▸ **What you need to do**: From the line containing "deep into hi" down to the last line of the material, output each line exactly as it appears, excluding pictures.
── Data ──
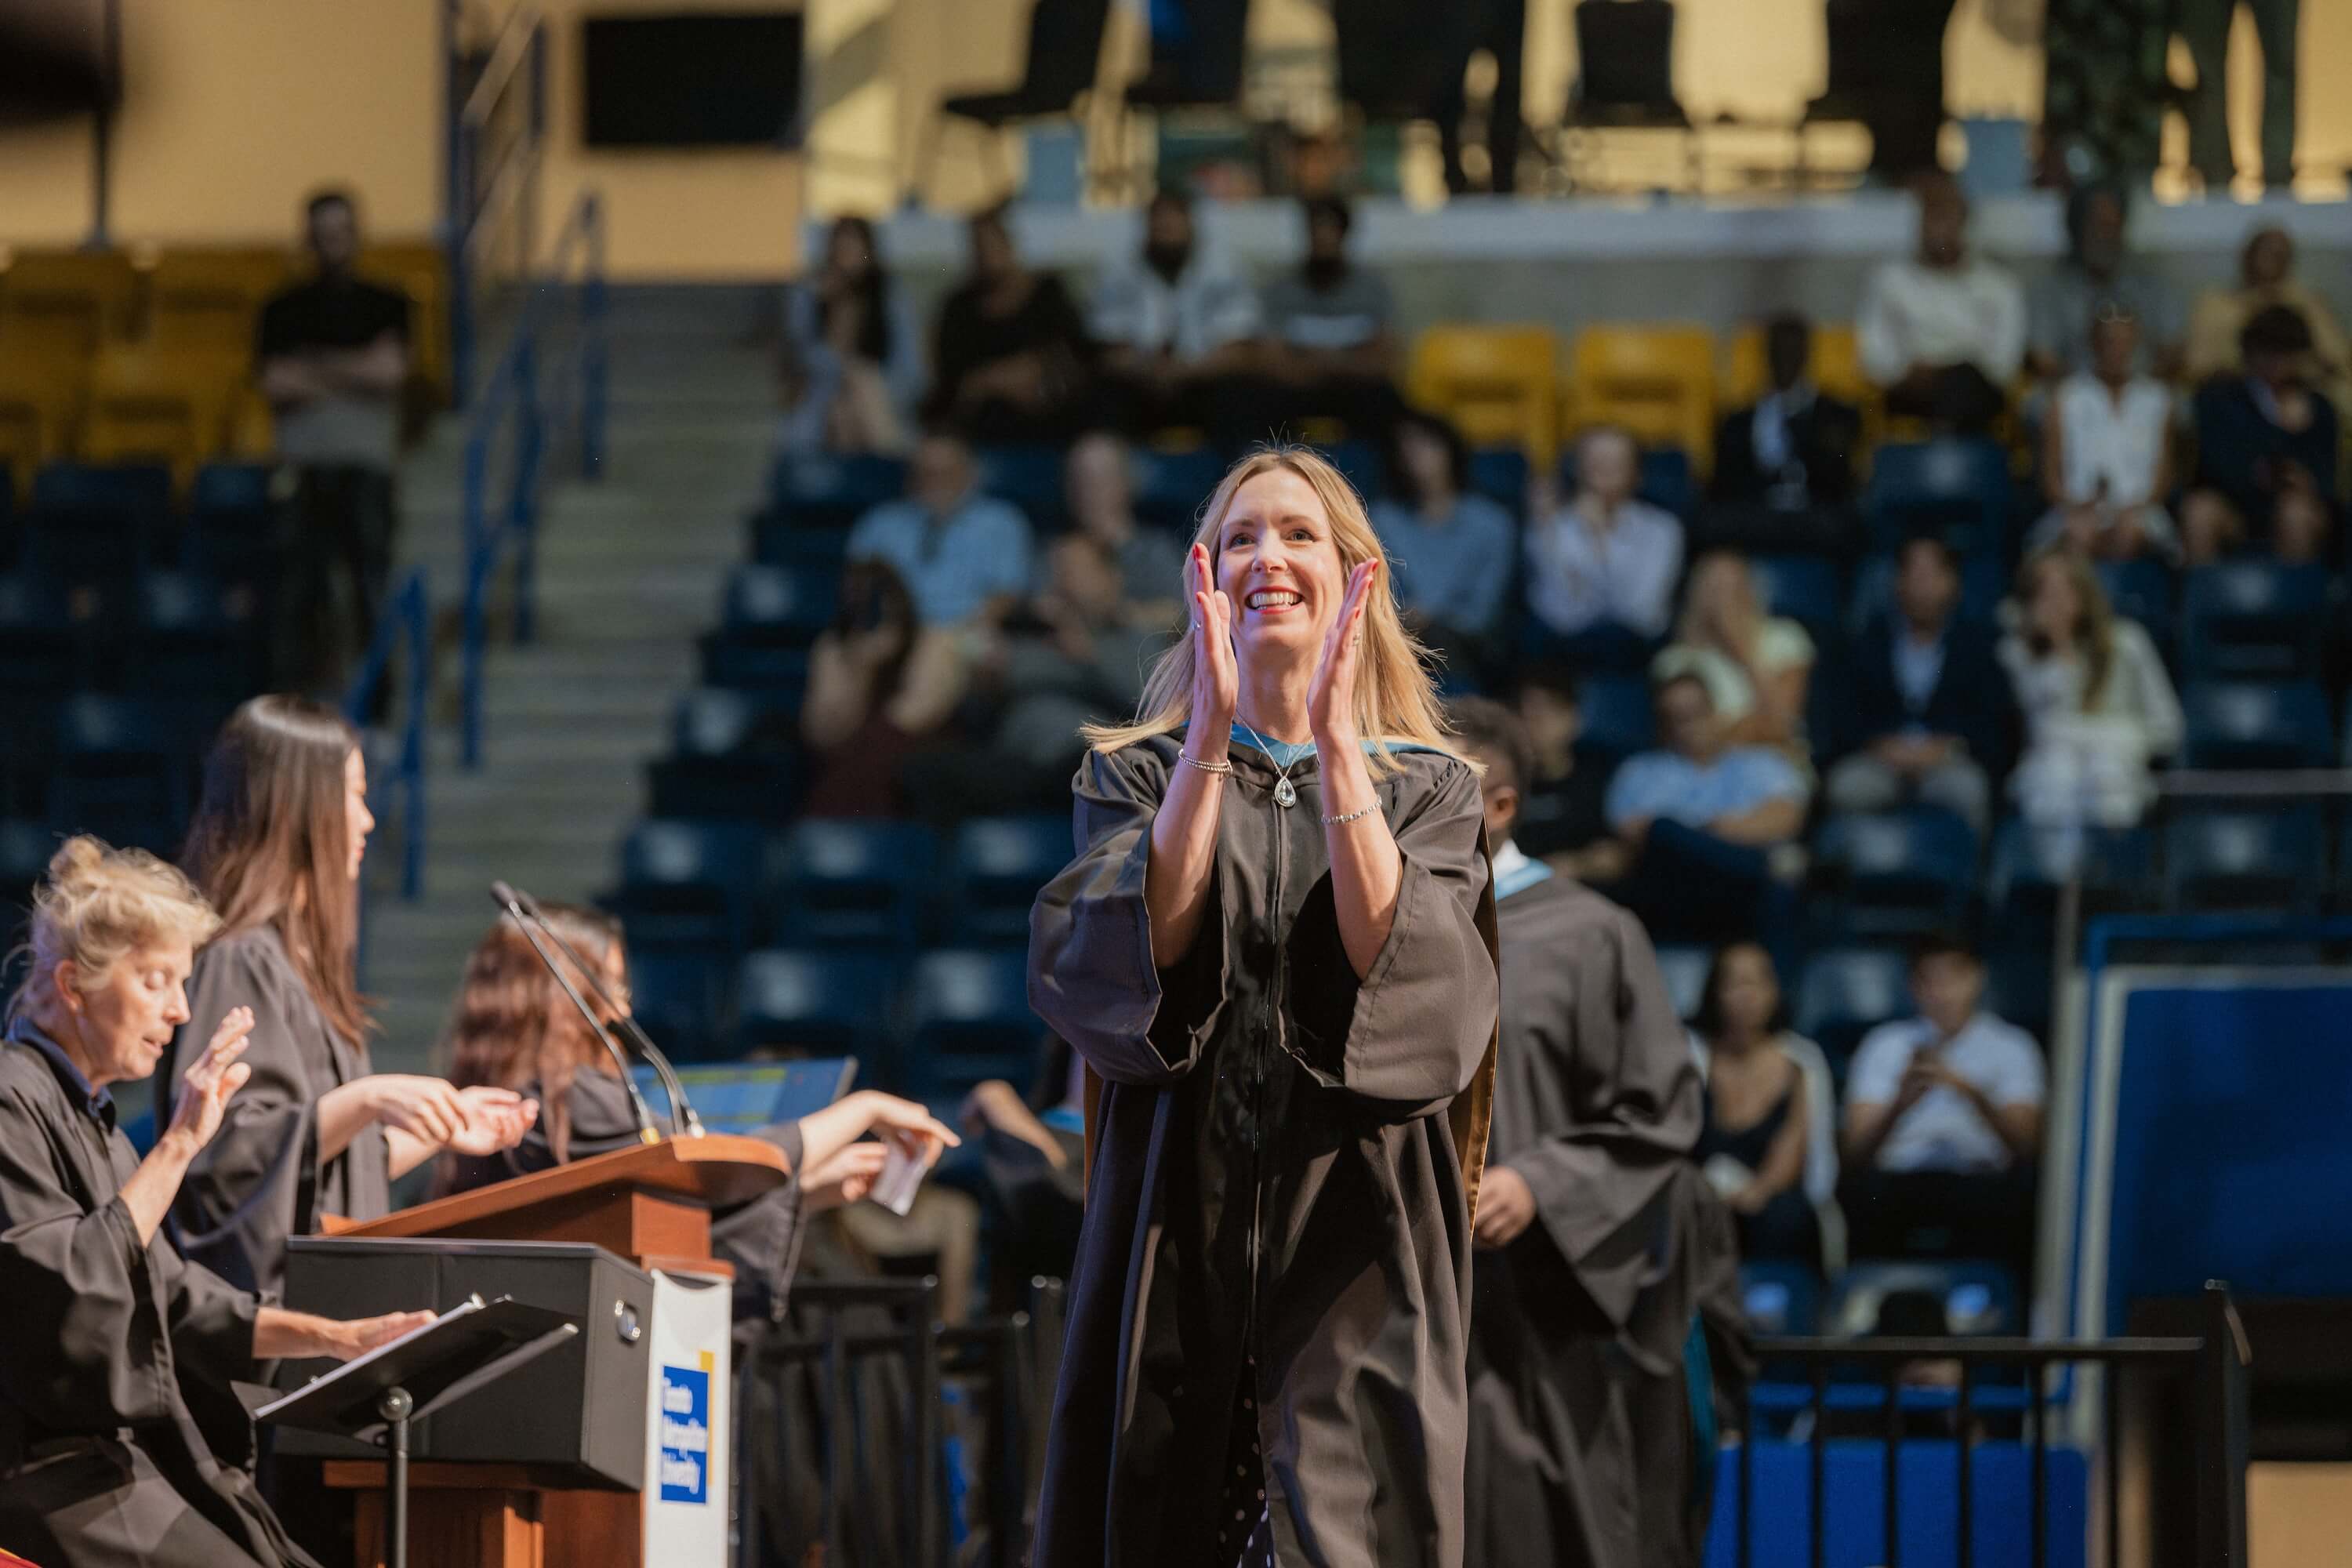 A woman clapping as she walks across a stage at Convocation.
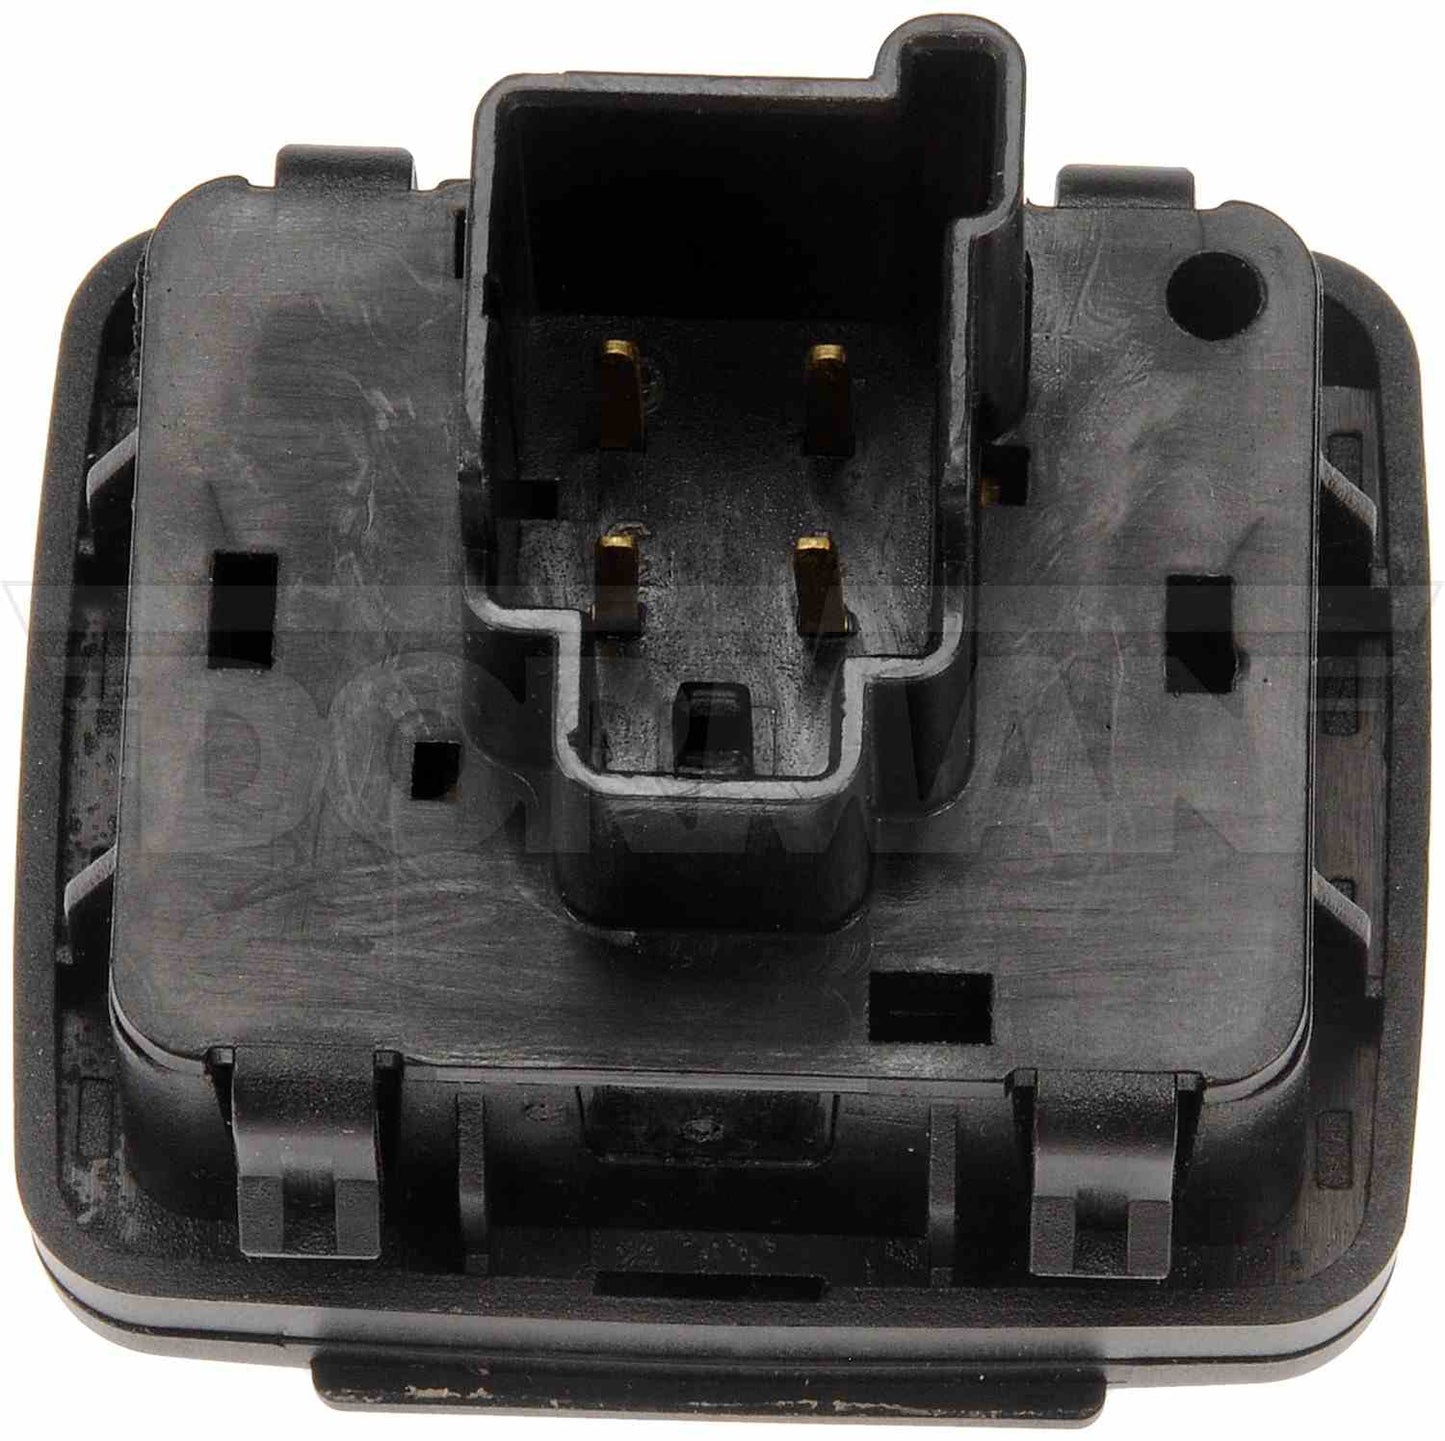 Back View of 110 Volt Accessory Power Outlet MOTORMITE 84942
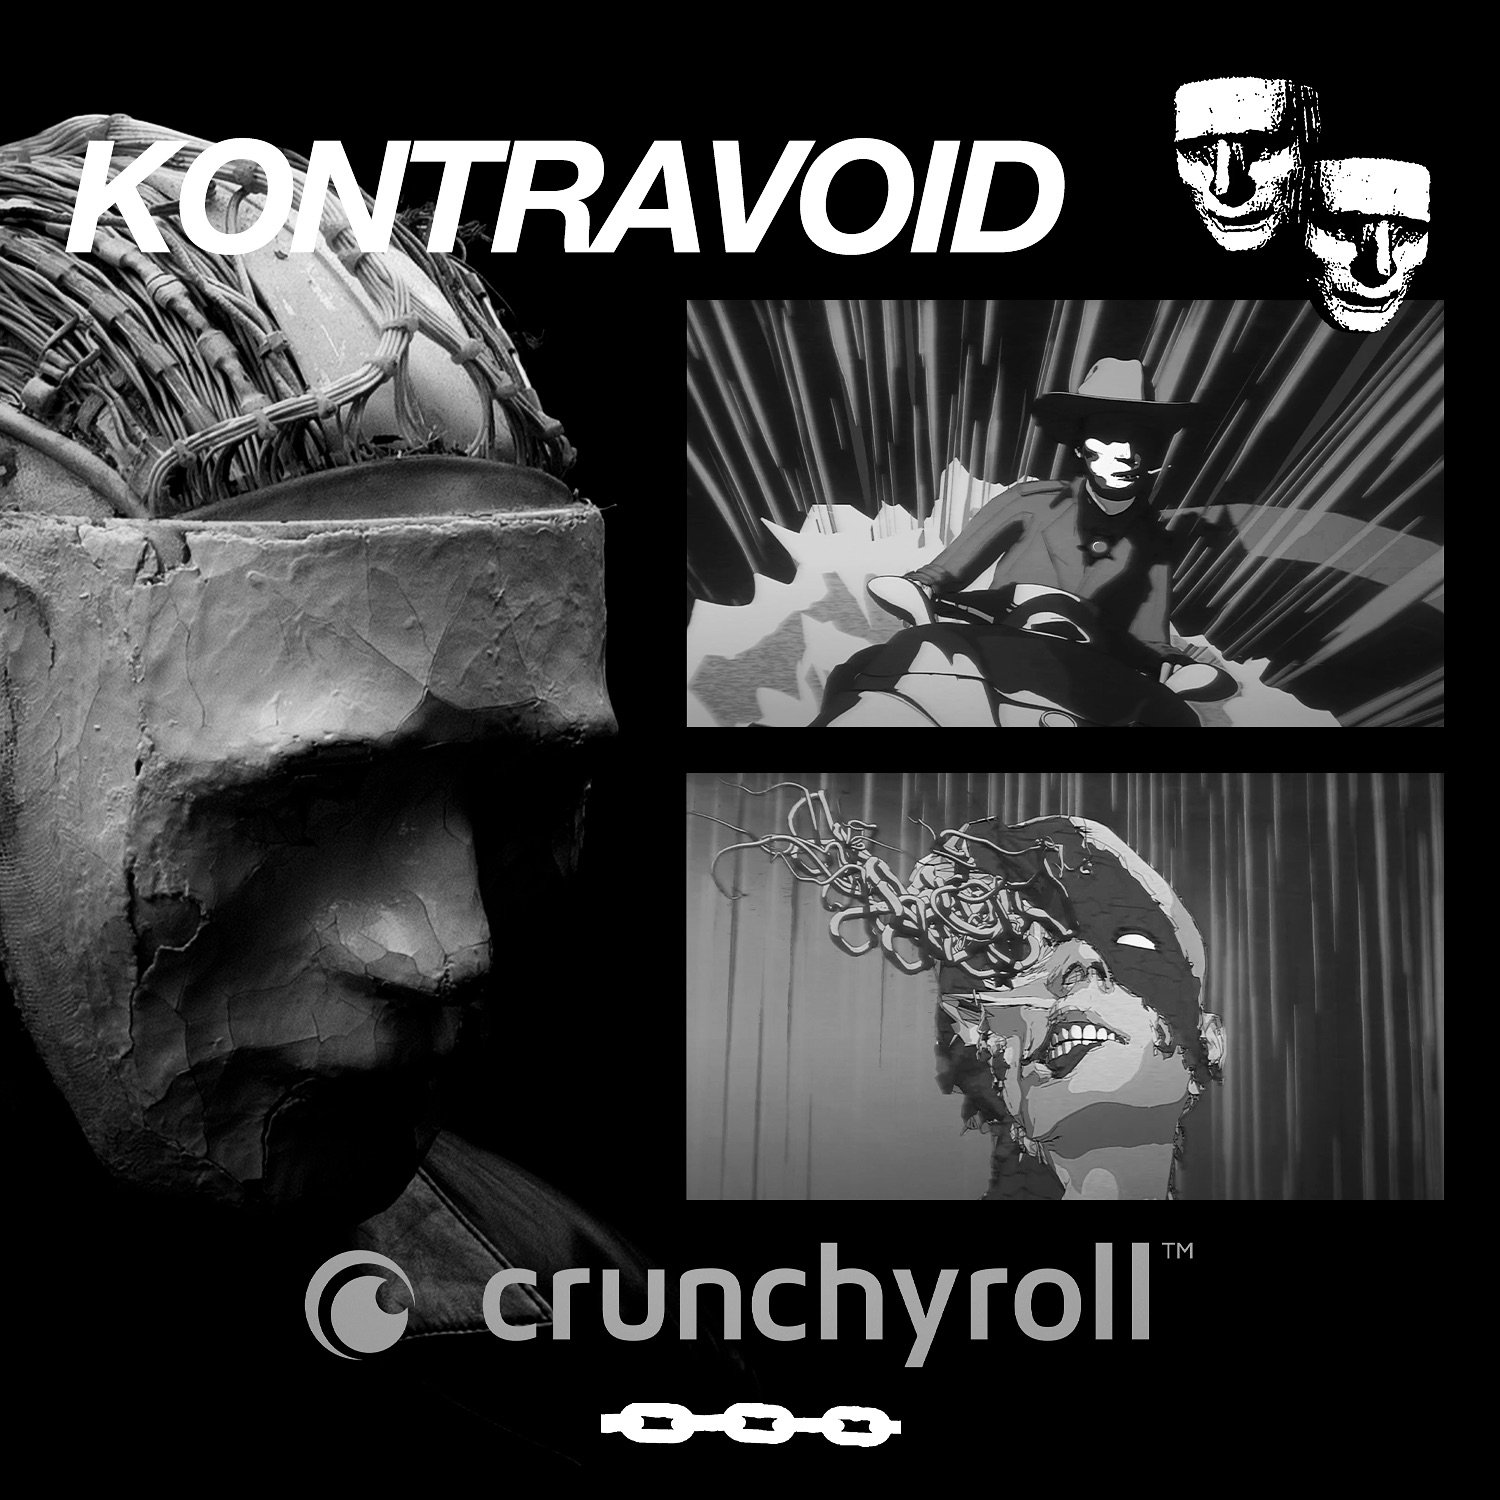 @kontravoid&rsquo;s anime-inspired &ldquo;Reckoning&rdquo; music video, released in February, is an absolute feast for the eyeballs. Now check out Kontravoid mastermind Cameron Findlay&rsquo;s great new interview with @crunchyroll, going deep into hi
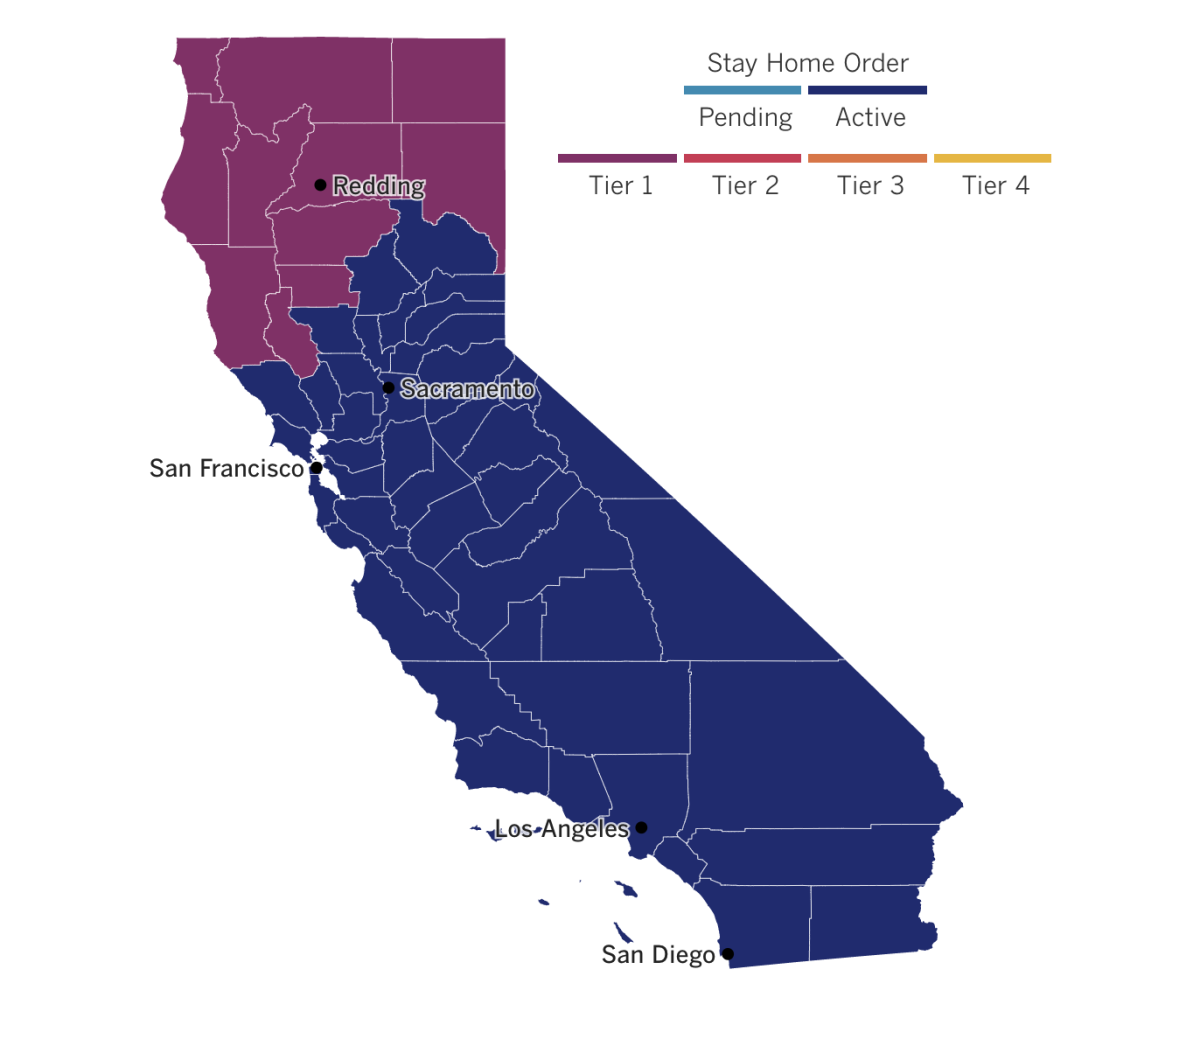 A map showing most of California under stay-at-home order due to low ICU capacity and some northern counties still in Tier 1.
───
▸ **Solution to this problem**:
 @kontravoid&rsquo;s anime-inspired &ldquo;Reckoning&rdquo; music video, released in February, is an absolute feast for the eyeballs. Now check out Kontravoid mastermind Cameron Findlay&rsquo;s great new interview with @crunchyroll, going deep into hi
 A map showing most of California under stay-at-home order due to low ICU capacity and some northern counties still in Tier 1.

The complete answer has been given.